Hong Kong Chief Executive begins dialogue to ease tensions

UNITED STATES, WASHINGTON (OBSERVATORY) — Hong Kong Chief Executive Carrie Lam said on Tuesday she and her team will begin community dialogue sessions next week, while stressing the need to end the violence that has ravaged the city for more than three months.

Lam, who is under pressure from Beijing to defuse public anger sparking protests, said the dialogue sessions would be as open as possible as the general public could apply.

“Hong Kong society is suffering from the accumulation of profound economic, social and even political problems and I hope these various forms of dialogue will give us room for discussion,” she told reporters in a weekly briefing.

These issues include housing and land shortages in one of the world’s most populous cities with 7.4 million people.
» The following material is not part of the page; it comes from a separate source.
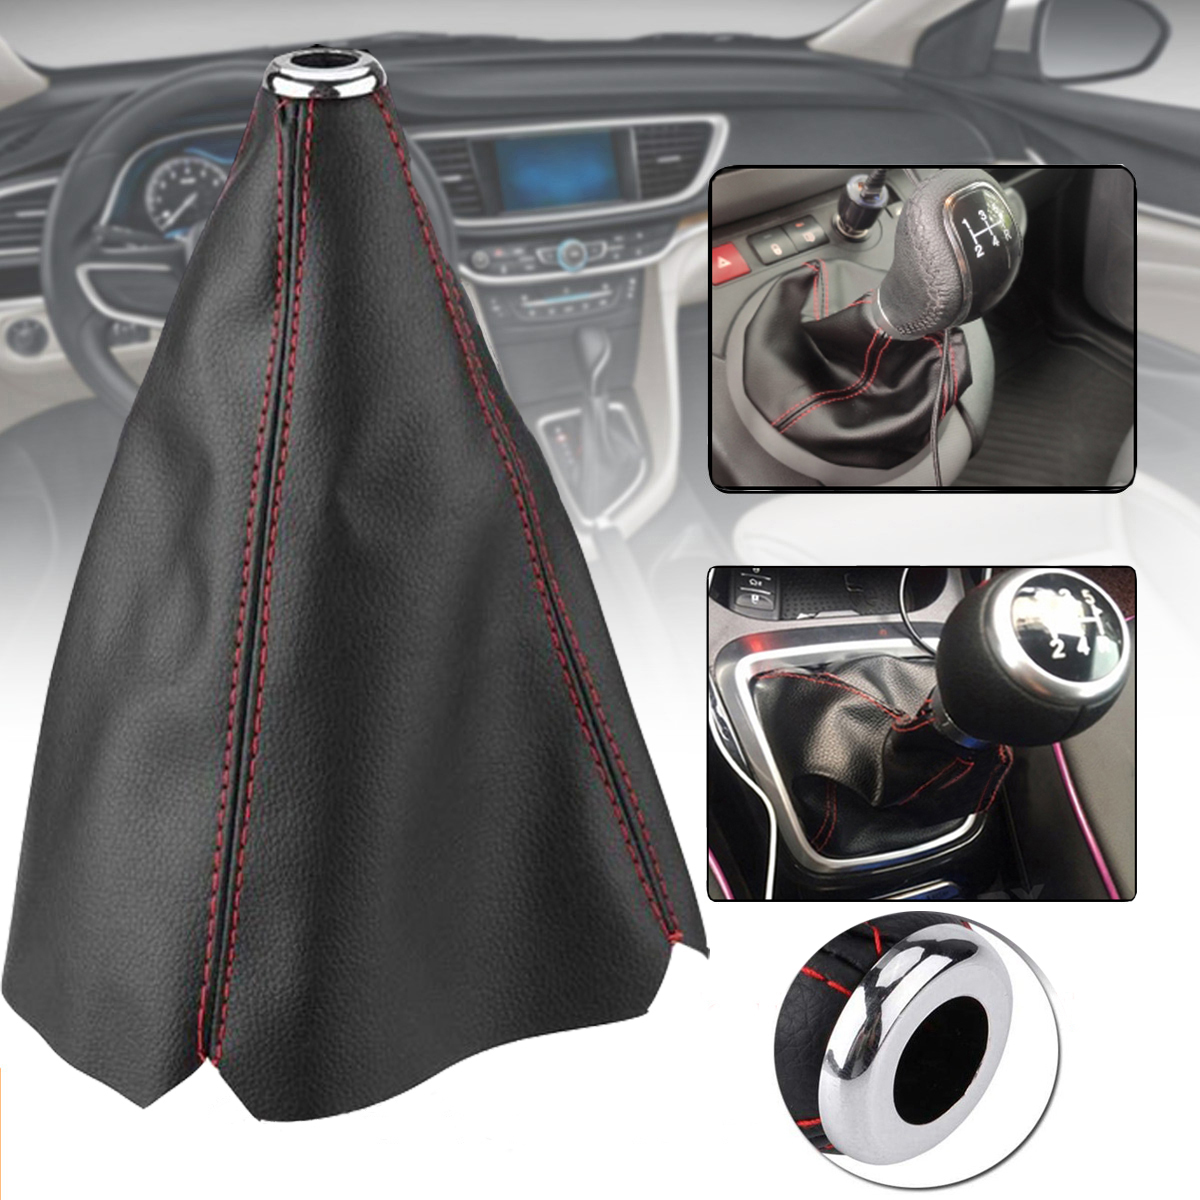 Shop Gear Shift Knob Cover Leather Universal online

Young people are deeply frustrated by the high cost of finding a home.

“But I have to stress here that dialogue does not mean that we will not have to implement resolute measures. Stopping the violence we face remains a priority. ”

Tensions began to affect the economy of the city, the Asian financial center.
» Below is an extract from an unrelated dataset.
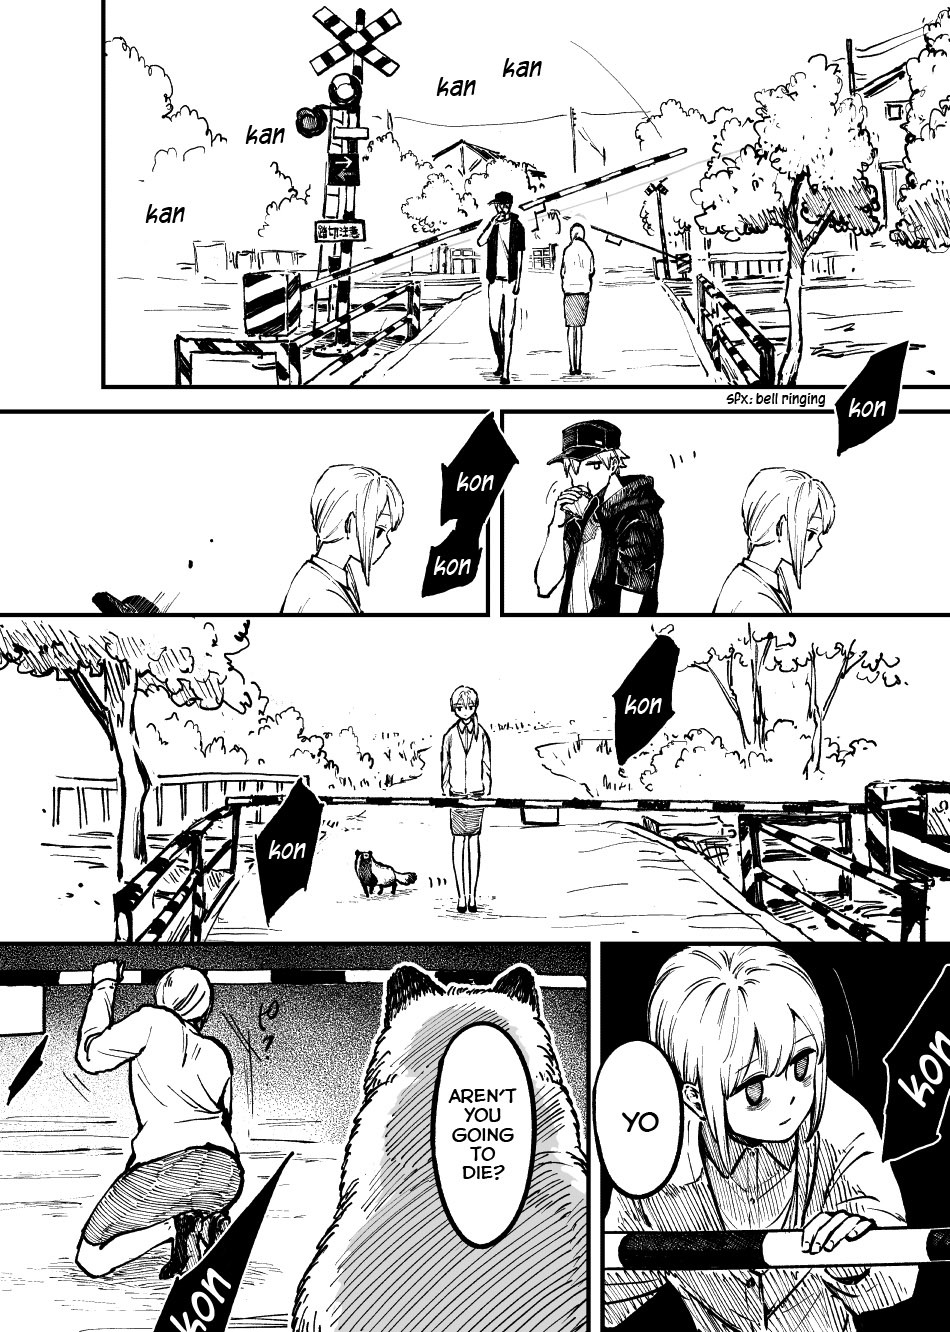 OL who was scouted by a raccoon when she tried to die vol.1 ch.1

Moody’s downgraded Hong Kong’s credit rating from stable to negative on Monday, reflecting what it called an increase in fear of a “deteriorating institutional strength in Hong Kong”.

Lam expressed disappointment over Moody’s decision.

Hong Kong returned to China in 1997 in accordance with the “one country, two systems” formula, which guarantees freedoms not enjoyed by the mainland, including its independent judicial system.

The current protests have been triggered by a bill on extradition to China for trial. Although Lam met one of the main protesters’ demands for a complete withdrawal of the project on September 4, they see it too late.